Leitsatz
1. § 6 Abs. 4 Satz 1 FGO schließt einen Revisionskläger nicht mit der Rüge aus, der Beschluss des FG über die Übertragung des Rechtsstreits auf den Einzelrichter sei verfahrensfehlerhaft getroffen worden, insbesondere sei das FG nicht nach Vorschrift des Gesetzes besetzt gewesen.
2. Der Senat eines FG, dem vom Geschäftsverteilungsplan kein Vorsitzender Richter zugewiesen ist oder dessen Vorsitzender endgültig aus dem Gericht ausgeschieden ist, ist nicht entsprechend § 21 f Abs. 1 GVG besetzt; für die Anwendung der Vertretungsregel des § 21 f Abs. 2 Satz 1 GVG fehlt es in diesem Fall an einer wesentlichen Voraussetzung.
3. § 21 f Abs. 2 Satz 1 GVG kann jedoch auch bei einer nicht nur vorübergehenden Verhinderung eines Vorsitzenden entsprechend anwendbar sein, soweit keine wesentlich weitergehende Abweichung von dem gesetzlichen Leitbild, dass in einem Spruchkörper ein Vorsitzender Richter den Vorsitz führt, eintritt als im Fall insbesondere eines längeren Urlaubs des Vorsitzenden oder seiner Erkrankung.
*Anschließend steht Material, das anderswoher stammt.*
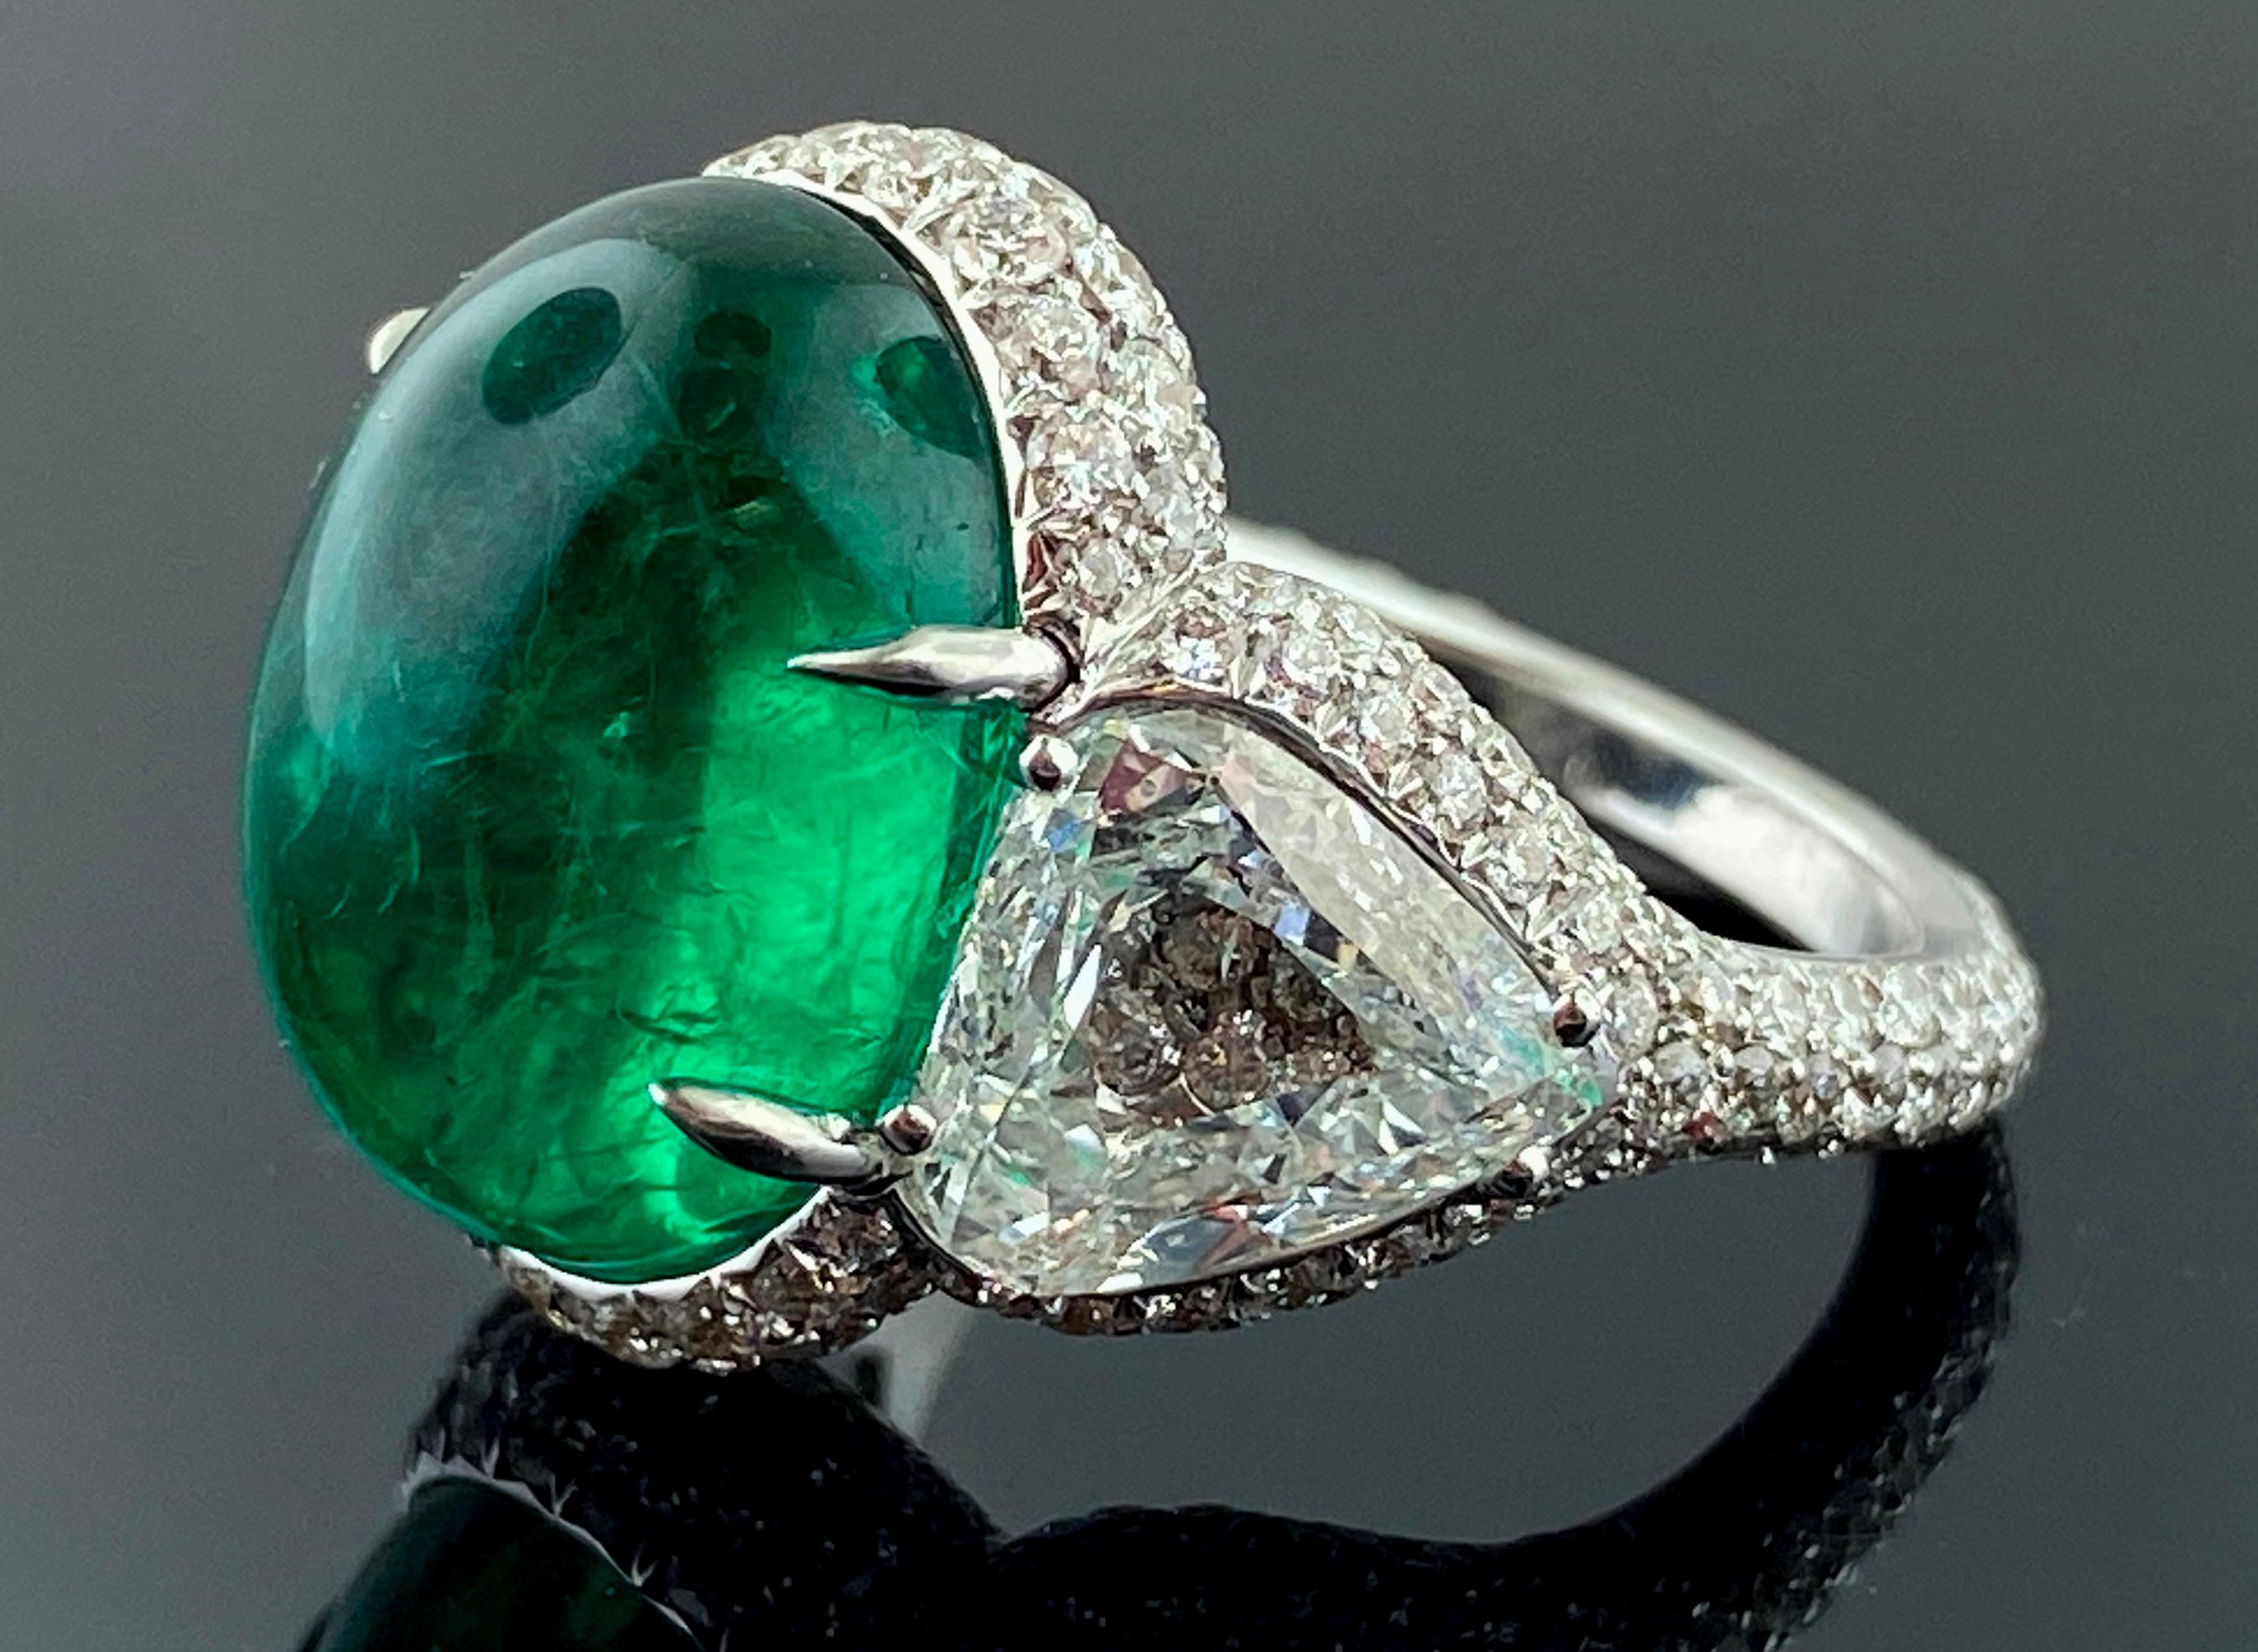 Set in 18 karat white gold is an 11.43 carat Oval Cabochon Emerald with 2 Trillion cut diamonds, weighing 4.02 carats total, plus 249 round brilliant cut diamonds with a total weight of 2.68 carats.  Total diamond weight is 6.70 carats.  Ring size

4. Das gilt auch, wenn das Ausscheiden zu einem Zeitpunkt vorhersehbar war, der es den zuständigen Organen ermöglicht hätte, rechtzeitig einen für die Wiederbesetzung der Vorsitzendenstelle geeigneten Vorsitzenden Richter zu berufen; die ordnungsgemäße Besetzung des Gerichts ist insofern nicht davon abhängig, ob eine vorübergehende Vakanz im Vorsitz eines Spruchkörpers unvermeidbar war.
5. Eine Zeitspanne von zwei Monaten, in welcher nicht ein Vorsitzender Richter den Vorsitz im Senat führt, ist noch nicht geeignet, den notwendigen richtungsweisenden Einfluss eines Vorsitzenden Richters auf die Rechtsprechung des Spruchkörpers in Frage zu stellen.
6. Wegen der willkürfreien Erwägungen des Präsidiums bei der Entscheidung über die Übertragung eines vakanten Vorsitzes an einen bei dem Gericht bereits bestellten Vorsitzenden Richter vor Wiederbesetzung der freigewordenen Planstelle eines Vorsitzenden Richters kann eine Besetzungsrüge nach § 119 Nr. 1 FGO nicht erhoben werden.
7. Eine unterlassene Anhörung über die Übertragung eines Rechtsstreits auf den Einzelrichter führt selbst dann nicht zu einem Verstoß gegen das Gebot des gesetzlichen Richters, wenn eine Anhörung geboten sein sollte.
8. Der Gesetzgeber geht von der grundsätzlichen Gleichwertigkeit einer Entscheidung des Einzelrichters und einer solchen des voll besetzten Spruchkörpers aus. Er überlässt die Übertragungsentscheidung der vielfach von unwägbaren Überlegungen abhängigen, weitgehend unüberprüfbaren Willensentscheidung des Spruchkörpers.
9. Verfassungsrechtliche Gewährleistungen verbieten nicht, die Besetzungsentscheidung und die Sachentscheidung in die Hand unterschiedlicher Richter zu legen, sofern deren Unabhängigkeit bei diesen beiden Entscheidungen gewahrt ist.
10. Die bei Anwendung des § 6 Abs. 1 FGO zulässige prognostische und überschlägige Beurteilung der Streitsache ist aus der Sicht des Revisionsrechts selbst dann hinzunehmen, wenn das FG bei dieser Entscheidung die Schwierigkeit der entscheidungserheblichen Rechtsfragen verkannt hat.
11. Eine unzulässige zulassungsfreie Verfahrensrevision wird nicht dadurch zulässig, dass die Revision auf Beschwerde zugelassen wird.